The WHERE clause criteria can be in a variety of traditional SQL forms and may include Qarbine specific functions described below. For example,
select * from Movies
where nearText("dracula")
results in a query specification with these fields,
collection: "Movies",
nearText: "dracula"
Some additional Qarbine defined SQL functions are listed below.
nearVector(number1, number n …)
nearText(aPhrase)
vectorize(aPhrase)
vector = (number 1, number n ...) ← A different way of expressing nearVector()
Note that a SQL list is enclosed in parentheses while one in the JSON specification is enclosed in brackets.
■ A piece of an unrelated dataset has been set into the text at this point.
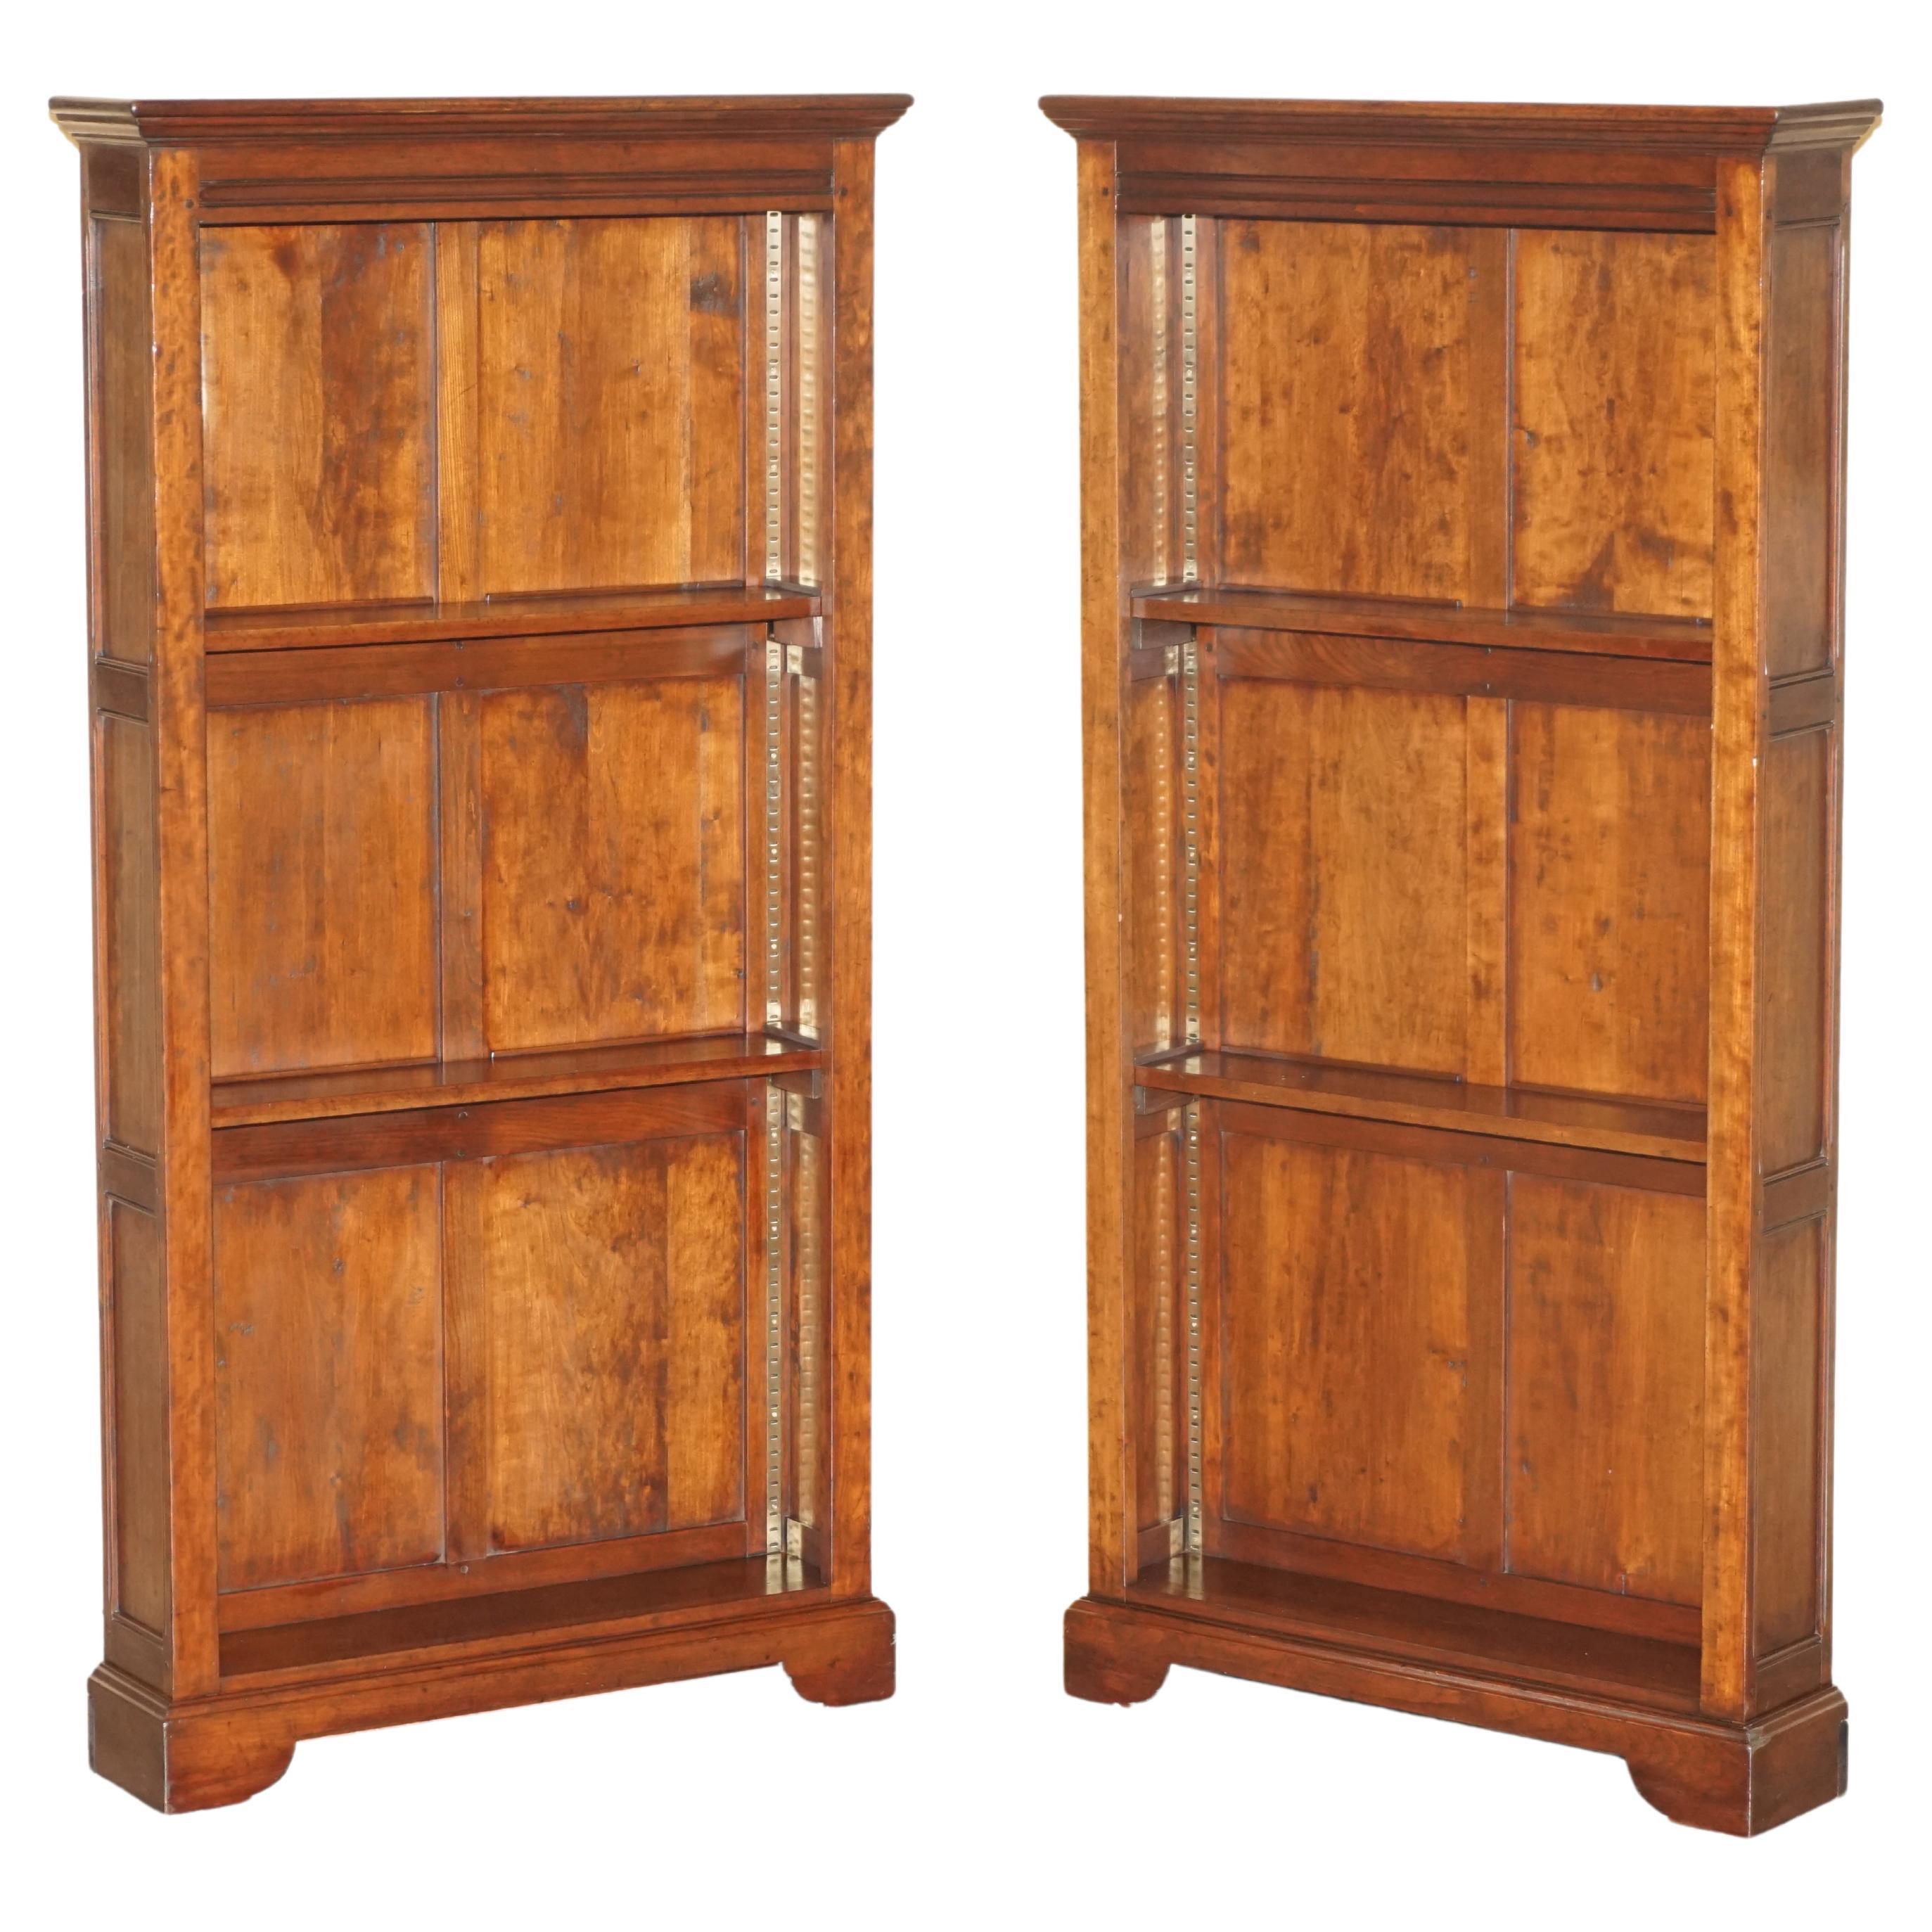 PAIR OF OPEN LIBRARY HARDWOOD BOOKCASES PANELLED SiDES HEIGHT ADJUSTABLE SHELVES

That is a subtle nuance across the SQL and JSON syntax standards.
The table below describes their use and a few others.
Function | Description |
---|---|
nearVector | This clause is removed from the WHERE criteria and its list of numbers argument set into the “nearVector” field of the query specification. |
nearText | This clause is removed from the WHERE criteria and its argument set into the “nearText” field of the query specification. |
vectorize | Pass in a string argument that ends up in the query specification as “$vectorize: theString”. |
vector = (...) | Provide the embedding enclosed in parenthesis. This ends up in the query specification as “$vector: [...]”. |
withOption | Pass in the specification field name and the value to set. This clause is removed from the WHERE clause. This is a way to set a query specification field that is not readily translated from the SQL world. |
withOptions | Set several specification fields at once. The format is withOptions(key1, value1, keyN, valueN).The key argument may use dot notation when setting the inner value of a component object. |
There are several SQL functions which are used to easily access the DataStax filter features. They are listed below. For reference see the DataStax page at https://docs.datastax.com/en/astra-db-serverless/api-reference/documents.html#operators
Function | Description |
---|---|
fieldExists(field) | This maps to the DataStax $exist clause. It matches documents that have the specified property. { "title" : {"$exists" : true} } An example use is shown below. where fieldExists('title') This can be combined with the NOT operator as shown below. where not fieldExists('title') This results in the DataStax clause { "title" : {"$exists" : false} } |
size(field, howMany) | This maps to the DataStax $size clause. It selects documents where the array has the specified number of elements. { "someList" : {"$size" : 2 } } An example use is shown below. where size('someList', 2) |
listIs(field, values) | This maps to the DataStax $all clause. It matches arrays that contain all elements in the specified array. { "food" : {"$all" : ['apple', 'orange'] } } An example use is shown below. where listIs(‘food’, ('apple', 'orange') ) An alternative is to use the following syntax. where food = ('apple', 'orange') DataStax may perform optimizations when $all is used so it is the recommended approach. |
Blending JSON and SQL
There are techniques to blend the ease of using SQL along with the powerful features of DataStax within a Qarbine JSON specification object. The table below lists the fields that drive this definition.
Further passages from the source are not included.